Ein DJ definiert sich nicht zuletzt über seinen Mix-Stil so
wie über das, was er spielt und – hoffentlich –
selber mag. Dass letzteres bei Pierre der Fall ist, steht außer
Frage. Soundästhetisch bevorzugt Pierre: natürliche Komplexität,
gekonnten Minimalismus, funktionellen Purismus, satte Grooves, individuelle
Sounds, sowie oldschoolige Spurtreue. Was seinen Style anbelangt,
mag er derzeit Sets mit improvisatorischem Charakter, wobei er zu
bedenken gibt, dass ein „Publikum, welches sich in einem eher
aufgewühlten, turbulenten Zustand befindet, kurze, prägnante
und transparente Mixe bevorzugt“. Im Zustand größerer
Entspanntheit seien hingegen „epischere Rhythmusverläufe,
sorgsame Verschmelzungen und ein höherer Anteil an Melodiösität
möglich und erwünscht“. Pierre schätzt beides
gleichermaßen. Produktion und Labelarbeit
Man könnte natürlich unken: Irgendwann fangen sie doch
alle an, die DJs, selbst Platten zu produzieren, und falls das allein
nicht reicht, basteln sie sich eben noch schnell ein Label dazu.
Andererseits gereicht es erfahrungsgemäß gerade dem Clubpublikum
zum Vorteil, wenn DJs zu Musikern werden – sie wissen in aller
Regel, wie man Beine bewegt und Ärsche zum Wackeln bringt.
Pierre’s und Marky’s gemeinsames Label Hörspielmusik“,
wurde Ende 1998 aus der Wiege gehoben. Seither erscheinen dort circa
acht Releases im Jahr. Pierre betrachtet „Hörspielmusik“
als Spielwiese für verschiedene Stile, als Plattform für
eigene und fremde Veröffentlichungen, verknüpft durch
die Idee abwechslungsreicher Arrangements und daher mehr oder weniger
stark differierend von herkömmlichen Eins-Zwo-Techno-Nummern.

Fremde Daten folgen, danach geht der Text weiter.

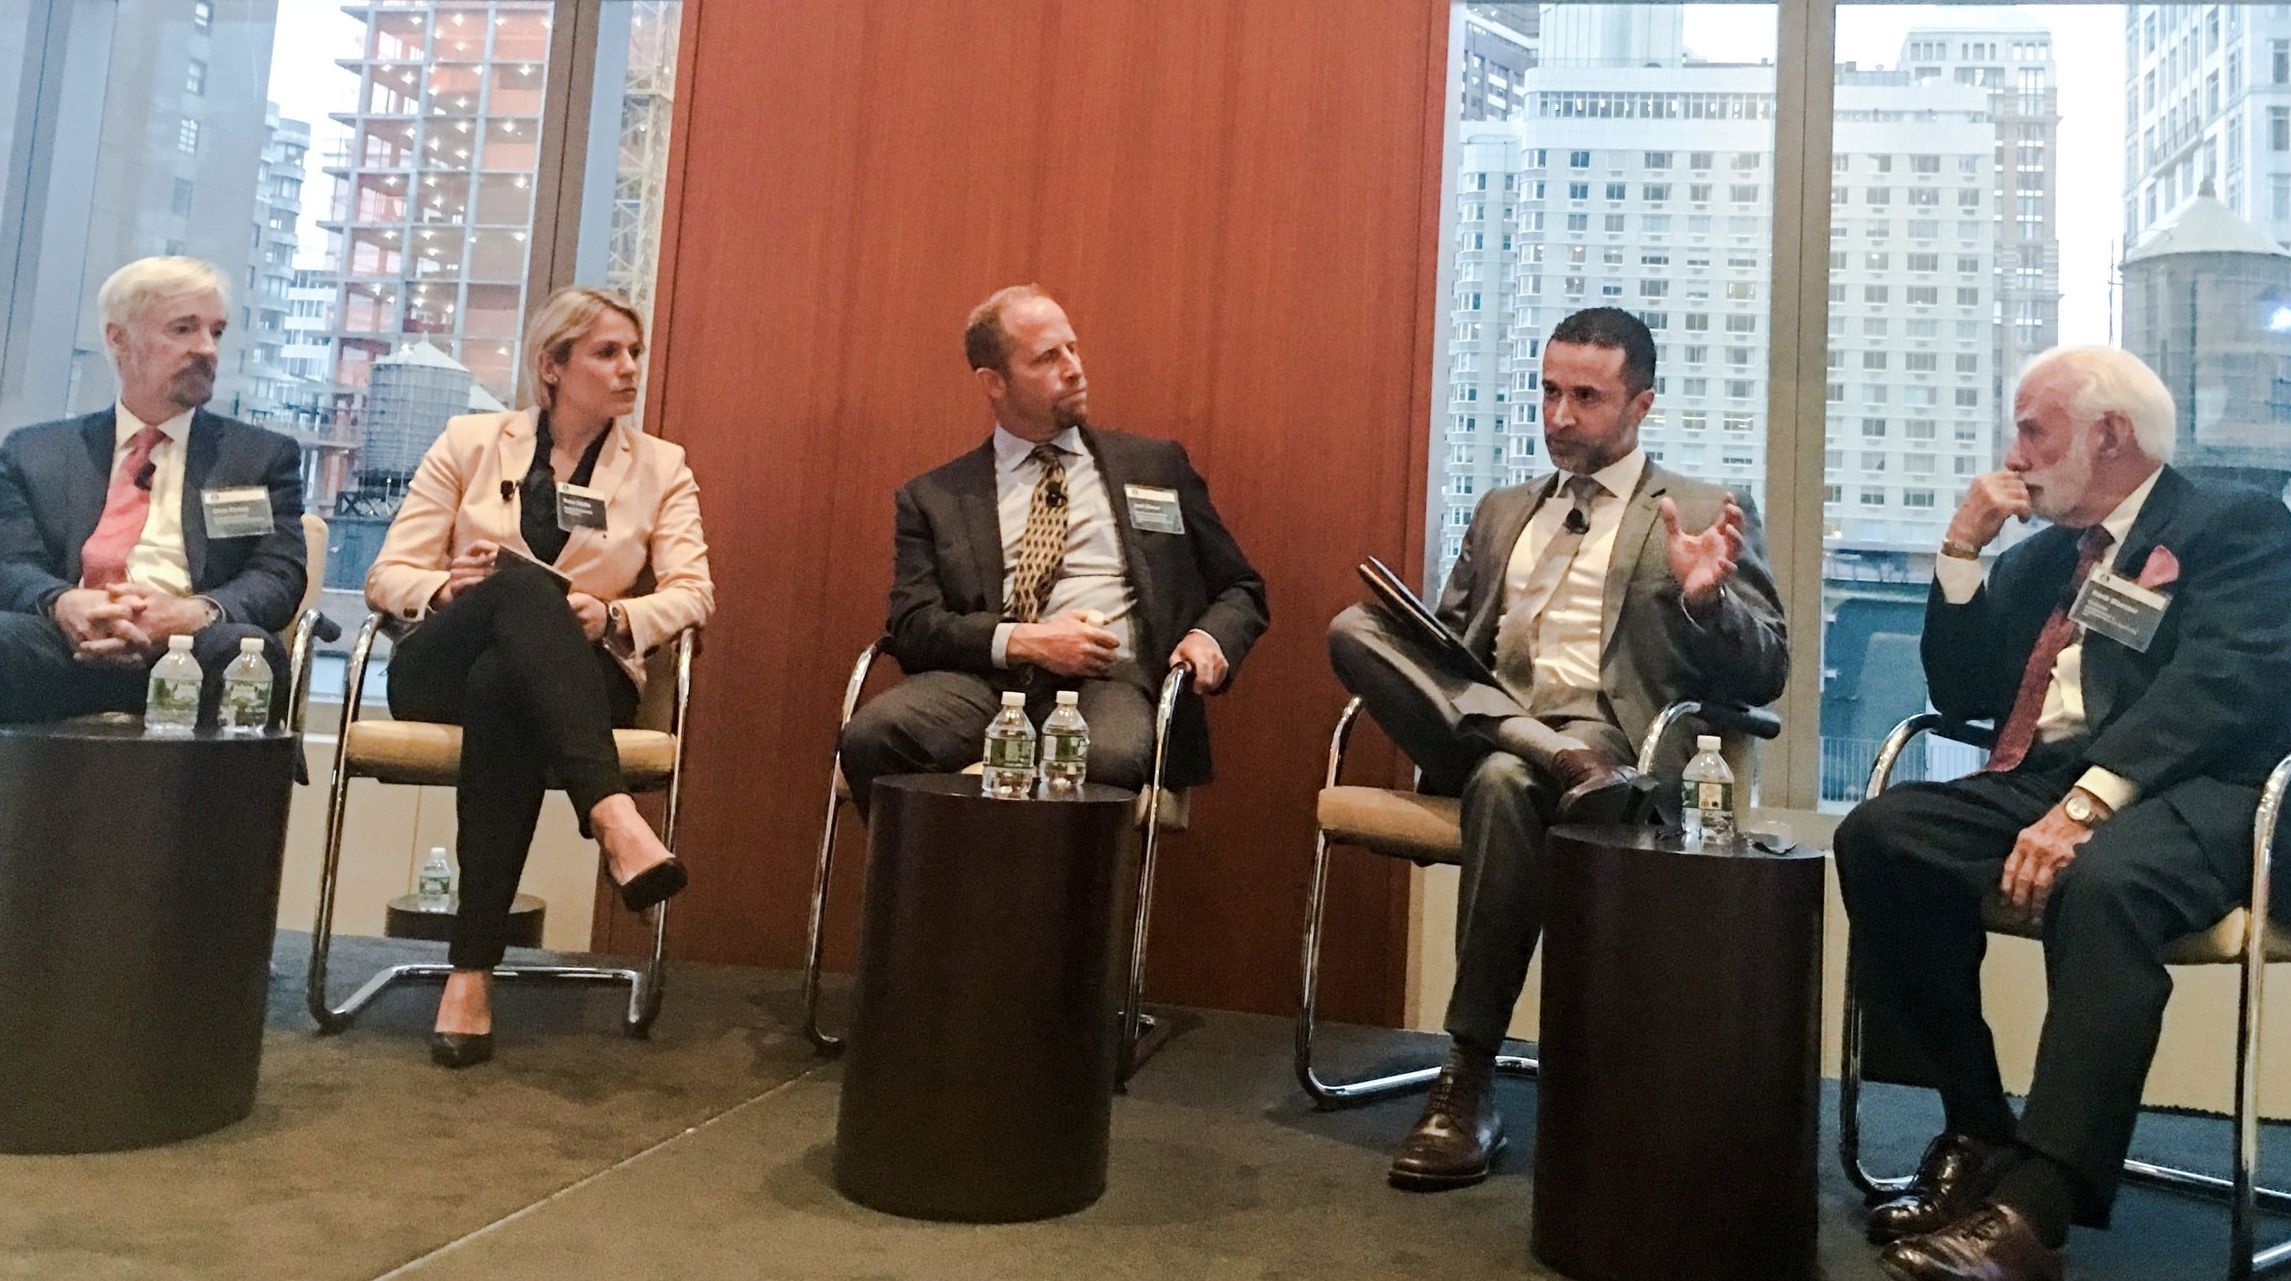 Claudio Rojas Hurt Capital 21st Century Company and Corporate Governance Skytop Strategies.jpg

„Utils“ hingegen, ein weiteres Label der Beiden, hat
sich der härteren Gangart verschrieben. Pierre beschreibt es
als Technotool-Label mit Soul. Es amüsiert ihn, dass viele
meinen, es handele sich um ein amerikanisches Label.
Was noch? Eine Menge, sicherlich. Doch in aller Kürze: Zu erwarten
ist im Herbst 2003 („Heimfidelity Vol. 6“). Genauer
gesagt, handelt es sich um eine Kollaboration zwischen ihm und dem
Resident-DJ des längst legendären FUSE in Belgien. Anfang
2004 erscheint Pierres Debüt-Album. Wir sind gespannt.